Real World Las Vegas

Game Changers: The Real World Las Vegas

There’s a special place in MTV’s history for the original Las Vegas Real World season. For many fans, this was the season that ruined The Real World. For others, this was the season that attracted them to the show. How did one season invite so many people to watch the show yet turns so many off of the show?

The Real World existed for ten years prior to its original Las Vegas season. For the most part, these early seasons followed young adults as they adapted to life in a new city. The show was a candid look into the lives of people forced to live with others from different backgrounds and beliefs. Take a look at the Chicago season, the season immediately preceding Las Vegas. This season placed Theo, a devout Catholic, with two gay roommates. Tonya, and orphan with health problems, struggled to build relationships with her new roommates. Not to mention, the cast witnessed the events of 9/11. Then, Vegas happened. The cast was surrounded by the sin of Sin City and lots of drama happened.

Instead of filming five months of daily life, this season filmed five months of young adults on vacation.
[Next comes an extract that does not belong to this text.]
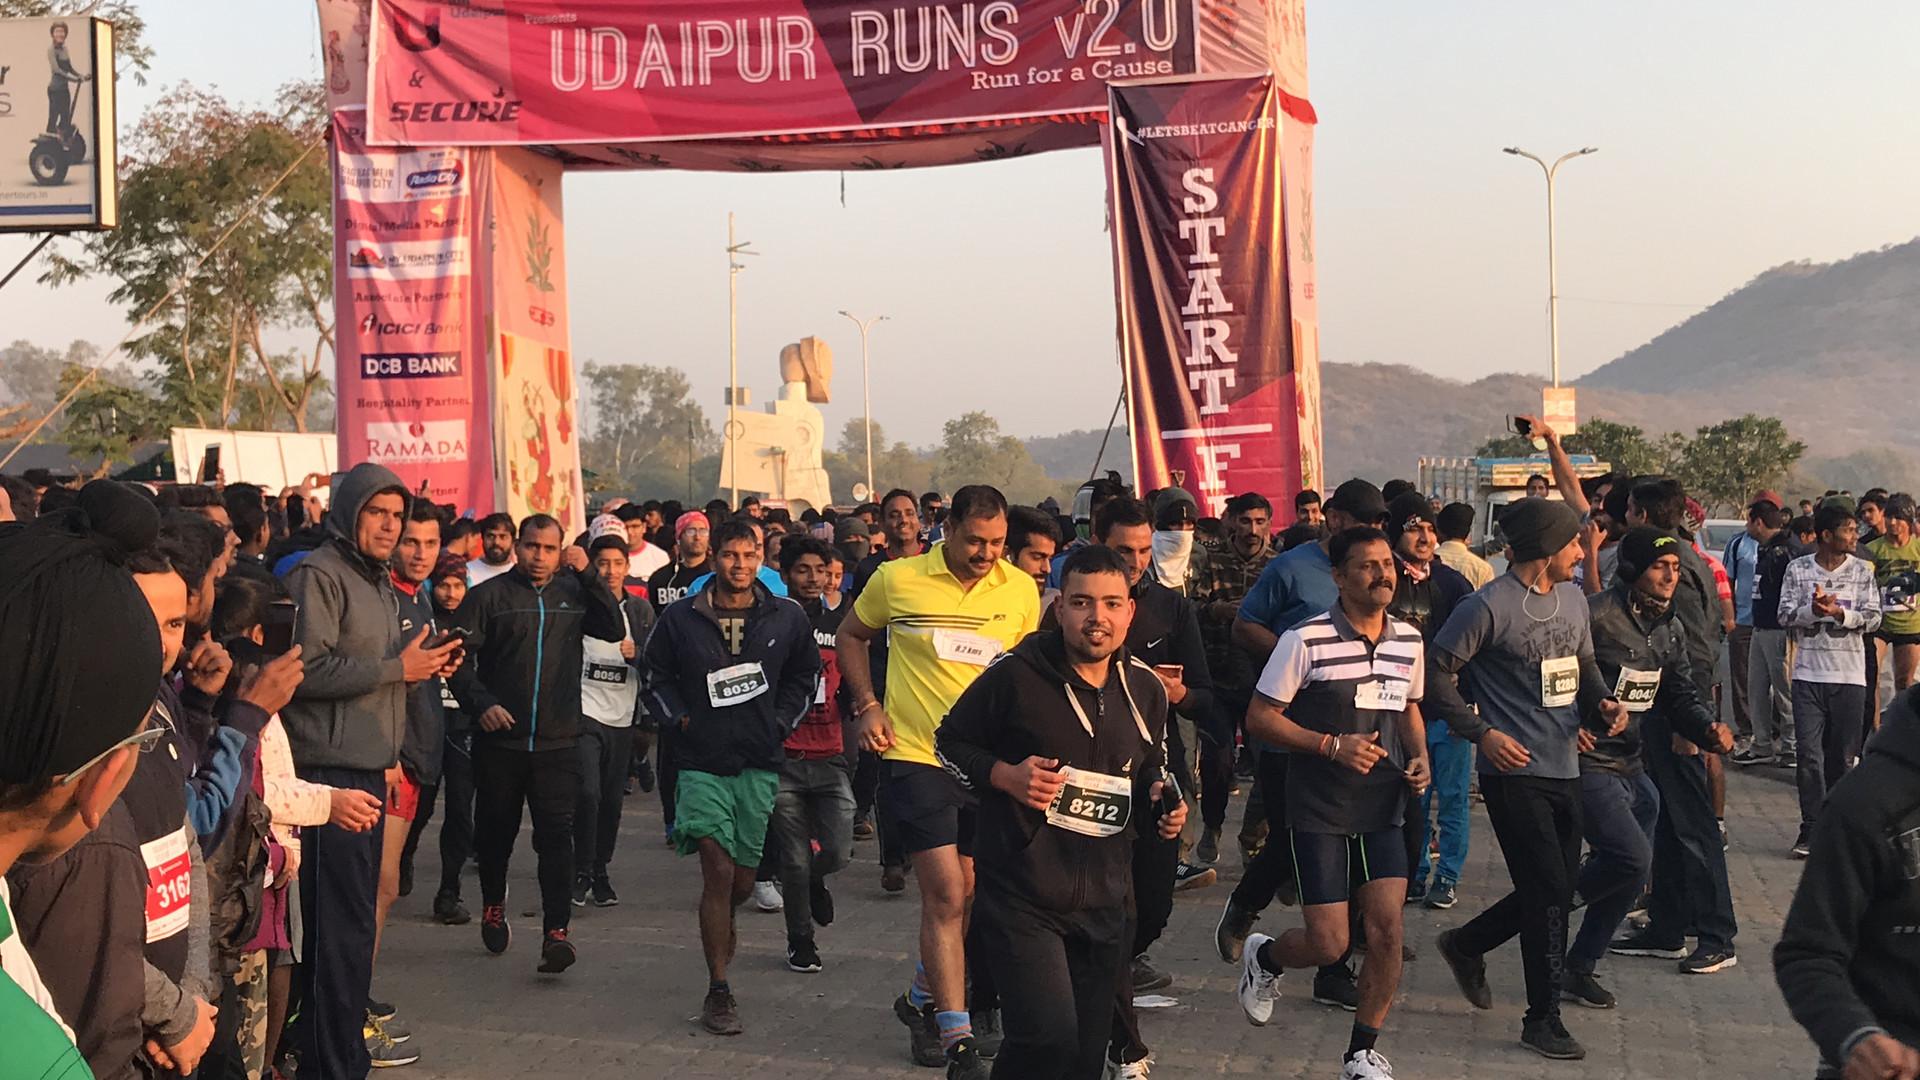 UdaipurRuns_Startingpoint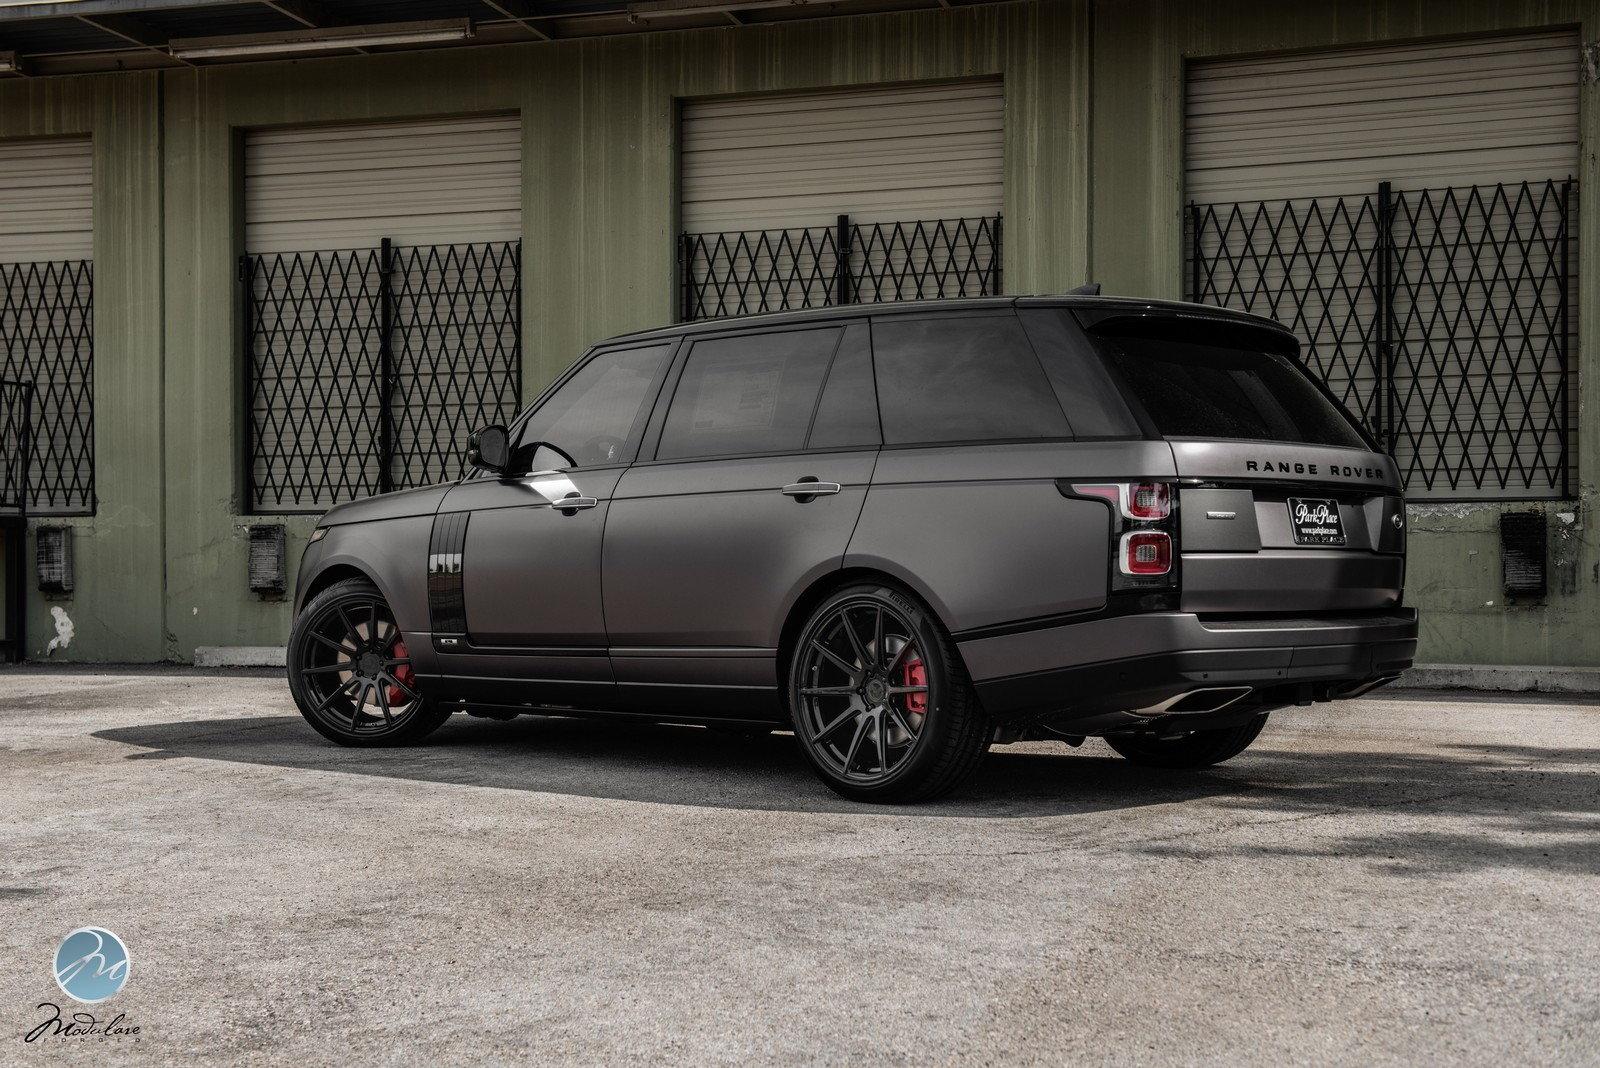 "How To Measure Wheel Base >> 2018 Range Rover LWB Matte Grey | 22"" Modulare B15 - Teamspeed.com"

This season also required all the roommates to be older than 21 because it was filmed in a casino. This contrasted other season that only had an 18-year-old age limit, essentially allowing recent high school grads to be on The Real World.

What happens on the first episode? Rather than a standard introduction we are introduced to a Frank-Steven-Trishelle love triangle. The season would later showcase a love triangle, a pregnancy scare, Alton and Irulan starting a relationship despite Irulan having a serious boyfriend at home, a fork-flinging fight, and a few threesomes. This environment brought out the worst in people, and the public loved it. The show was a huge success in the ratings and shifted the direction of future Real World seasons. Drama would feel more forced, and production’s role in creating drama would be more transparent.

Remember, this season is a product of its time. In the early 00’s, reality TV was in the beginning of its formation. The Real World was the founding father of reality TV but it began to see competition from sensationalized reality shows. The public showed interest in shows such as The Osbournes, Survivor, Big Brother, or Temptation Island. These shows allowed production to influence the direction of the story, and the drama was less authentic. Production wasn’t going to step in every day on The Real World, but placing the show in such an active environment certainly influenced how the season would progress. There was a lot of hooking up, a lot of jealousy, and a lot of partying.

Ratings were so successful that The Real World would try to recreate these types of stories on future seasons. While the following Paris season was slightly toned-down, the San Diego season would return to the overly dramatic story lines. Ratings would yo-yo for a while until the public became exhausted by the the drunken drama around the time of the Sydney season. But the damage was done, and the authentic stories of young adults establishing their identities became secondary.

I don’t think the Vegas season had a huge role in changing The Challenge, but it certainly impacted MTV. Not only was The Real World forever changed, but MTV saw a market in reality shows over-saturated in drama. The premise of the Vegas season was really this: a group of strangers embark on a half-year vacation while their biggest vices and mistakes are filmed. In many way, I think shows like Jersey Shore or Laguna Beach only exist because of the Vegas season. The Real World became MTV’s way to experiment to Real TV trends and this season was a very successful experiment.

Where it failed was in attracting longterm fans. Many of the Vegas fans were the type of fickle viewers who would abandon a show half-way through because the drama become stale. There’s a reason Las Vegas is the only “Reunited” Real World season. It was a moment in time that no one wanted to relive five years later. Of course it was a success, but it wasn’t going to last forever.